Section 465 CrPC stipulates that the order of a trial court cannot be reversed due to the irregularity of any sanction or prosecution except if the court believes it, it has caused a breach of justice.
The court will determine the possibility of “in a situation in which the court of trial has found the accused guilty on the merits based on the evidence on record and has then found the accused guilty of the offenses that they were tried for… The appellate court has the right to justify exempting the accused on grounds of lack of sanction or irregular sanction, and more specifically in cases where a proper application did not specifically address the objection to the absence of sanction at the time of trial and the trial was allowed to continue, and afterward the trial court found the accused on the basis of evidences in evidence?”
The bench asked why the accused has not brought up an issue regarding sanction at trial, the court said it would also look at whether there are “consequences of not bringing up the issue concerning sanction during the trial , and afterward allowing the court of trial to go further, despite the opportunity provided to the accused when he was recording, and the subsequent assertion under Section 313 of the CrPC if there was no objection to the absence of sanction was raised at the moment of taking cognizance was made”.
In the presence of the state, Mehta said the accused had not raised the issue of sanction in the initial stage of trial and only raised the issue in the appellate phase. He also claimed that the gravity and seriousness of the offenses for which the accused was found guilty cannot be ignored.
In arguing that the goal of a sanction is to ensure that the accused is not subjected to a lengthy and gruelling trial, Mehta submitted that “if you are found guilty in an extensive trial, there will not be a unjust trial”.
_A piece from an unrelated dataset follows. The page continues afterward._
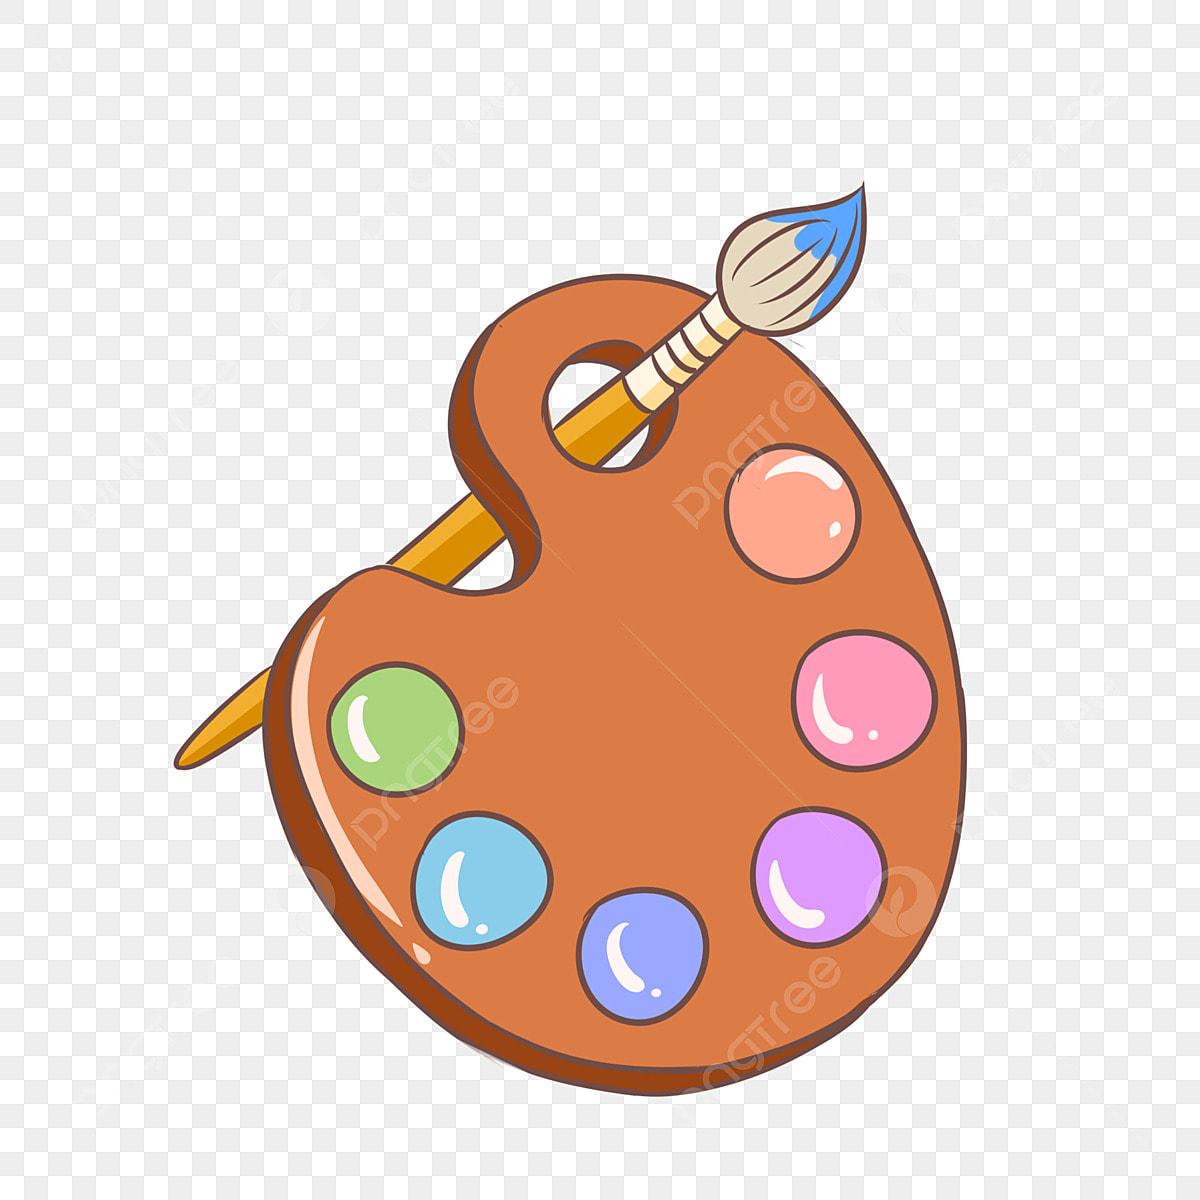 無料ダウンロードのための虹色の絵の具 や筆係 ペンキ カラーpng画像素材

The Senior Advocate R Basant, appearing for Saibaba claimed the absence of a sanction at the date of framing or taking cognizance charge, and therefore Section 465 CrPC wouldn’t applysince the law is about irregularity or error of sanction and not about the absence of it.
The court was interested in knowing whether the accused raised any specific concerns regarding the lack of sanction in the course of trial.
Basant stated that there was no formal application made, but the matter was discussed in a conversation during cross-examination. He pleaded with the court to not to revoke the HC ruling and sought to bring attention to the medical condition of Saibaba in which he claimed to be “90 percent physical disabled” and suffers from a variety of issues. The claim is just about his brain being involved in the ideological process and not more.
Justice Shah responded, “so in the sense that Maoist operations are in question the brain plays an important role”.
The court will decide the case on the 8th of December.